PoseFormer

Pipeline

2D skeleton sequence --> Spatial Transformer --> Temporal Transformer --> Regression Head.

2D skeleton sequence

\(X\in R^{f\times (2J)}\), \(f\): 接受帧数, 感受野; \(J\): 关节点数; \(2\): 2D空间\((x, y)\).
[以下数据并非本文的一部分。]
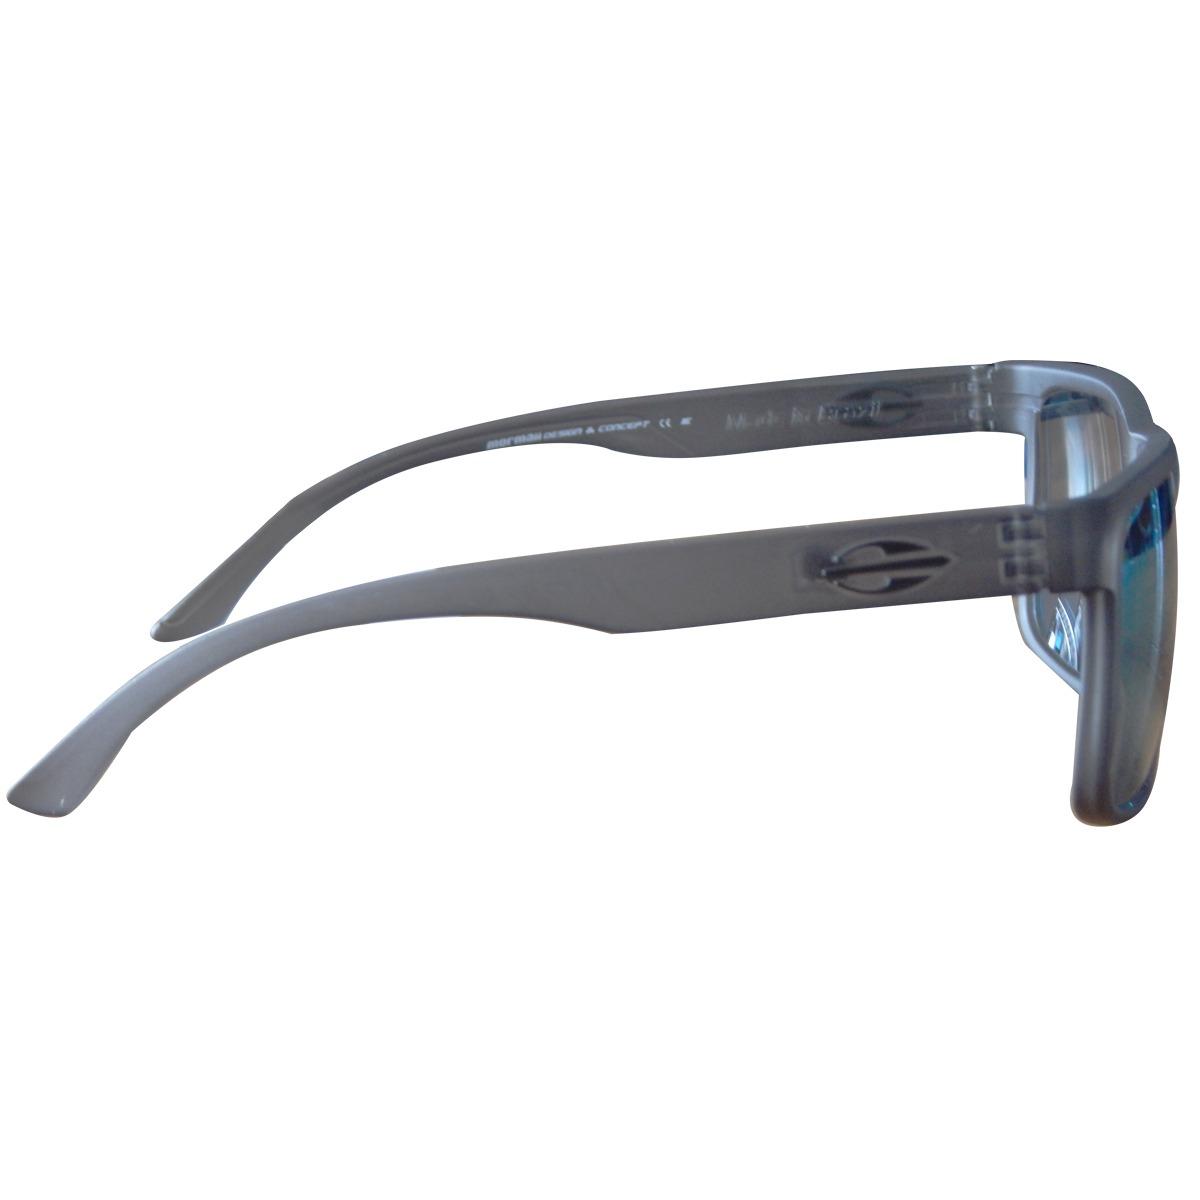 3ab8bb0940cc1 Óculos Mormaii Monterey Preto Fume Fosco  Lente Verde - R  249,90 em ...

\(x^i \in R^{1\times (2J)}\), 单个骨架关节点坐标向量.

Spatial Transformer

The spatial transformer module is to extract a high dimension feature embedding
from a single frame.

Spatial emedding(joint embedding)

对于单帧2D姿态\(x\in R^{1\times (2J)}\), Spatial Transformer Module把每个2D坐标\((x, y)\)作为
一个patch(ViT), 用一个线性投影将2D坐标投影至高纬空间. 接着加上表示关节位置信息的embedding,
作为输入交给Spatial Transformer学习关节点间空间信息.

\(x_i \in R^{1\times (2J)}\) -- linear transformation --> \(x_i \in R^{J\times c}\) -- positional embeddomh --> \(z_0^i \in R^{J\times C}\)
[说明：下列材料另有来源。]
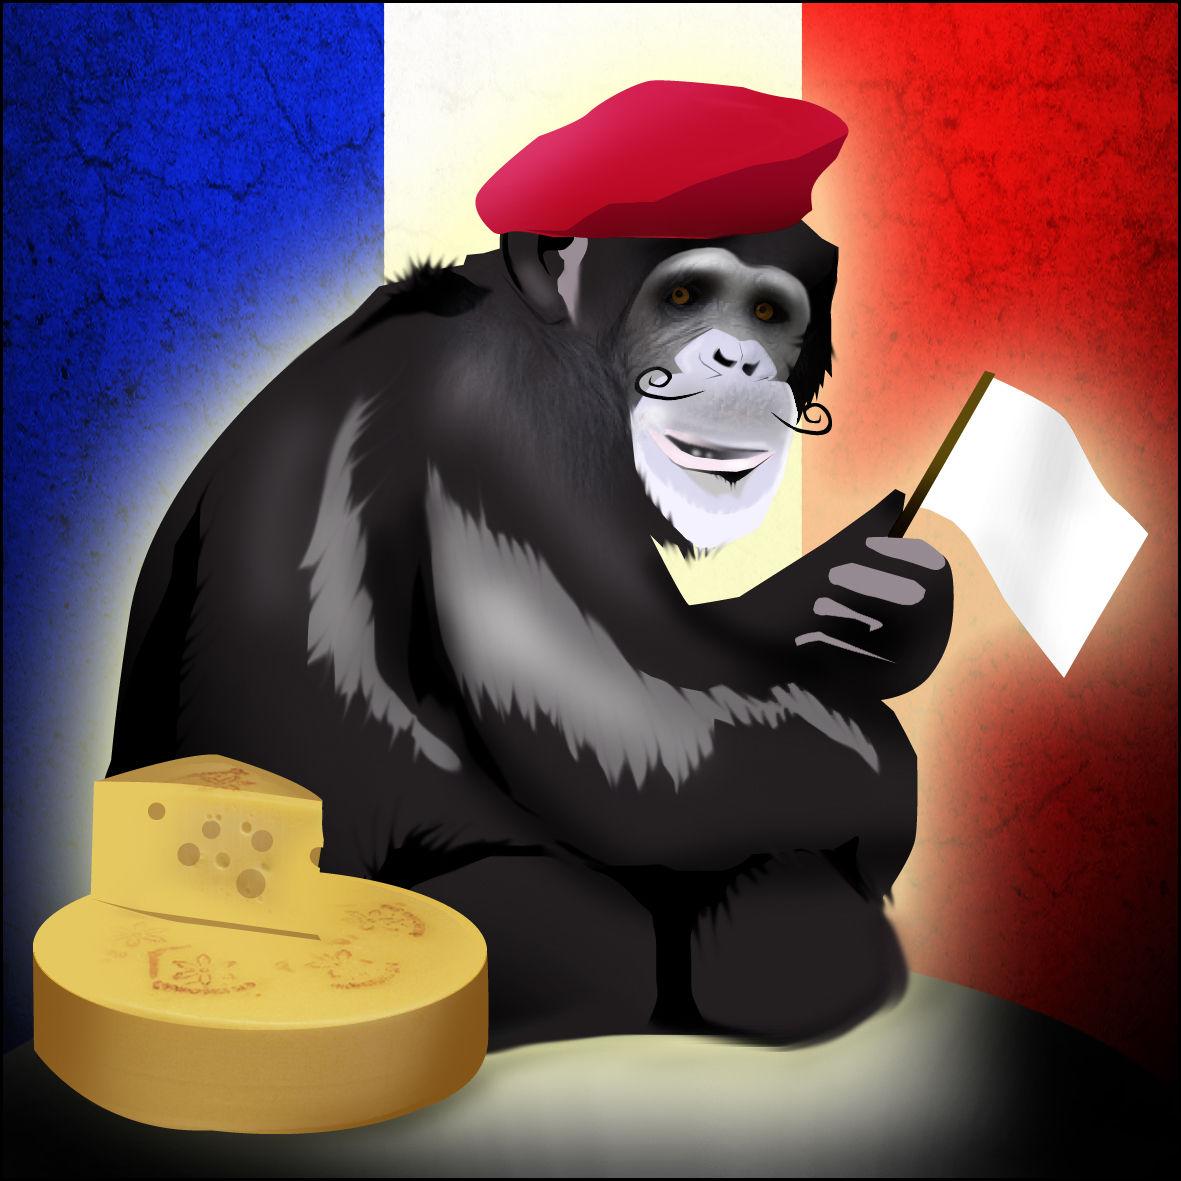 仏人「お前らはいつまでフランス...

\(z_0 = [p^1E; p^2E; ...; p^JE] + E_{Spos}\), 其中\(p\)表示单个2D坐标\((x, y)\),
\(E\)表示线性投影矩阵, \(E_{Spos}\)表示positional embedding.

Self-attention

\(z_0\in R^{f\times c}\)作为输入进入Spatial Transformer模块, 由\(L\)个ViT模块堆叠而成.

\(z'_l = MSA(LN(z_{l-1})) + Z_{l - 1}, l = 1, 2, ..., L\)
\(z_l = MLP(LN(Z'_l) + Z'_l), l = 1, 2, ..., L\)
\(Y = LN(Z_L)\)

其中\(LN()\)表示layer normalization, \(Y\in R^(f\times c)\), 与输入维度相同.
即先对输入进行多头注意力, 再进入全连接. 每个输入进入网络前先进行层归一化, 输出网络后残差连接.

Temporal Transformer

The goal of the temporal transformer module is to model dependencies across the
sequence of frames.

对于第\(i\)帧2D骨架经过Spatial Transformer后输出为\(z_L^i \in R^{J\times c}\), 将其
压缩为向量\(z^i\in R^{1\times (Jc)}\). 将\(f\)个(感受野)向量连接concatenate, 加上表示
帧位置信息的position embedding作为输入

\(Z_0 = [z_L^1; z_L^2; ..., z_L^f] + E_{Tpos}, Z_0\in R^{f\times (Jc)}\).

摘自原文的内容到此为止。